The Nature of this Essay
I am aware that my preoccupation with the structural aspects leaves one half of the Yi untouched. The Yi Jing is the probably the richest, most articulated combination of the intuitive and the rational aspects of the human heart/mind ever to have been formulated. However, this essay focuses almost completely on the rational, structural aspects of the work.
This is a deliberate choice on my part and stems from two reasons.
Firstly, I believe that this aspect of the work has received little serious attention in the west, especially in the context of contemporary information theory. Most of the written material available is either historical, tracing the conceptual and textual development of the book; or presents translations and interpretations of the classical texts associated with the gua.
Secondly, pragmatically, this is the aspect of the Yi that I am best suited to address.
The Yi Jing in the Information Age
There would seem to be a significant degree of interest in the Yi Jing from computer literate people. The number of web sites devoted to the changes is substantial (see the web site listed as [ICh98] in the References Section for a comprehensive selection of cross-references) and there are a wide range of Yi Jing consultation programs available, as freeware, shareware and commercial software. There is also a lively e-mail discussion list called Hexagram-8 devoted to the topic with an extensive archive of past discussions [Hex8] .
We could ask why this is the case. Kirk McElhearn has referred to the Yi Jing as the first example of hypertext. There is a lot of truth to this analogy: if each hexagram is a node, then the changing lines are links between those nodes. Thus, we might almost expect its natural home to be the world wide web. An excellent example of a web-based Yi Jing is Chuck Polisher's I Ching Lexicon which uses the facilities of HTML to link a verbatim translation of the book's text to the definitions of the individual characters [Pol98] . However, if we look closely, the Yi's embodiment of hypertext linking is richer than that currently encodable using standard HTML, and no sites that I am aware of yet attempt to capture this aspect of the changes in their on-line representations.
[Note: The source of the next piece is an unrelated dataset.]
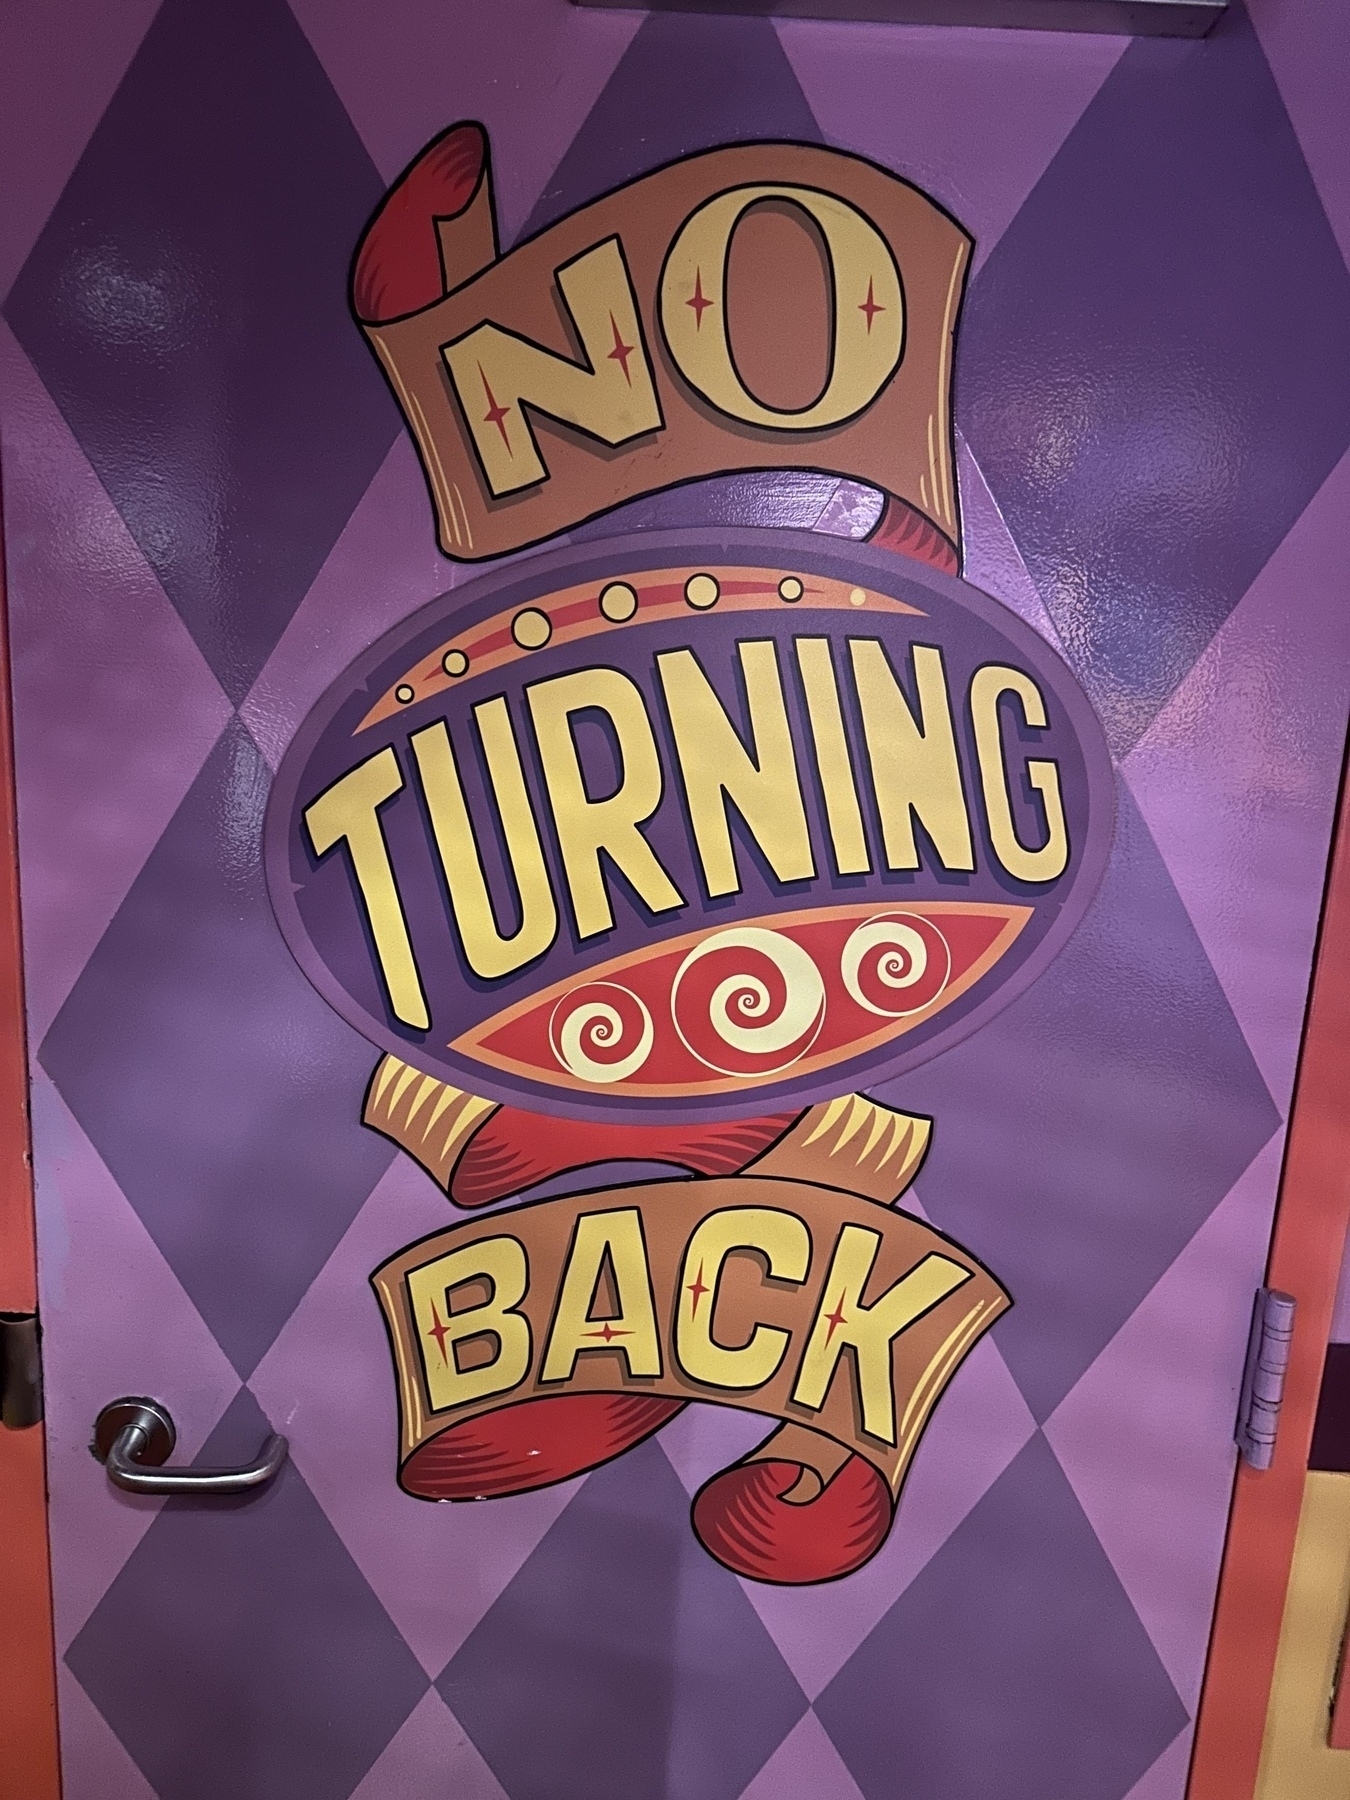 A sign saying “No Turning Back”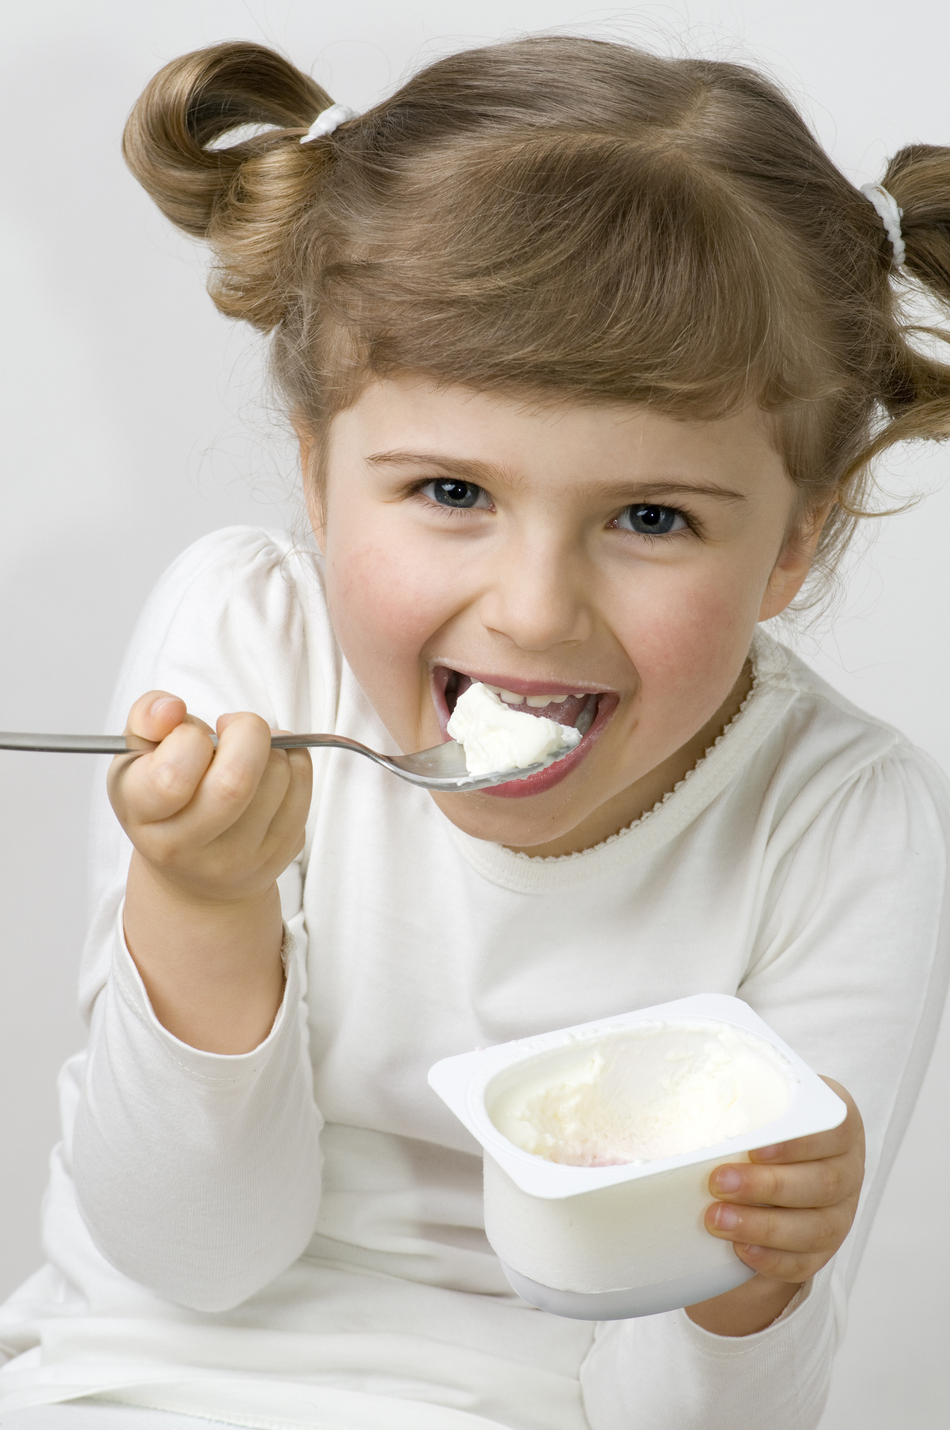 Hidden Sugars Could Contribute to Childhood Obesity

In addition to its hypertext nature, the Yi is a system of symbols based on a binary representation. Leibniz was the first to realize this connection in the west when the Jesuit missionary Bouvet (himself a mathematician) sent him a copy of Shao Yong's "Prior Heaven" arrangement of the hexagrams in 1702 (see [ deF97 , pp156-158]). There are clear resonances between the symbols of the Yi and Leibniz's binary calculus, and thus with today's digital technology. It is this obvious connection that lead me to explore the application of Boolean algebra and computation tools to the structures of the gua.
Situations
We are interested in situations; in their internal dynamics and in the dynamics of change from one situation to another. Or rather, given that the variety of concrete situations is endless, we are interested in types of situations; the significant features that remain, in some way, invariant across that variety. We are, therefore, interested in the abstract features of our manifest reality.[1]
There has been a growing trend in modern formal logic to look beyond the simplistic mechanisms of the last century. Barwise and Perry make the following comment [B&P83, p7]:
Reality consists of situations - individuals having properties and standing in relations at various spatiotemporal locations. We are always in situations; we can see them, cause them to come about, and have attitudes towards them.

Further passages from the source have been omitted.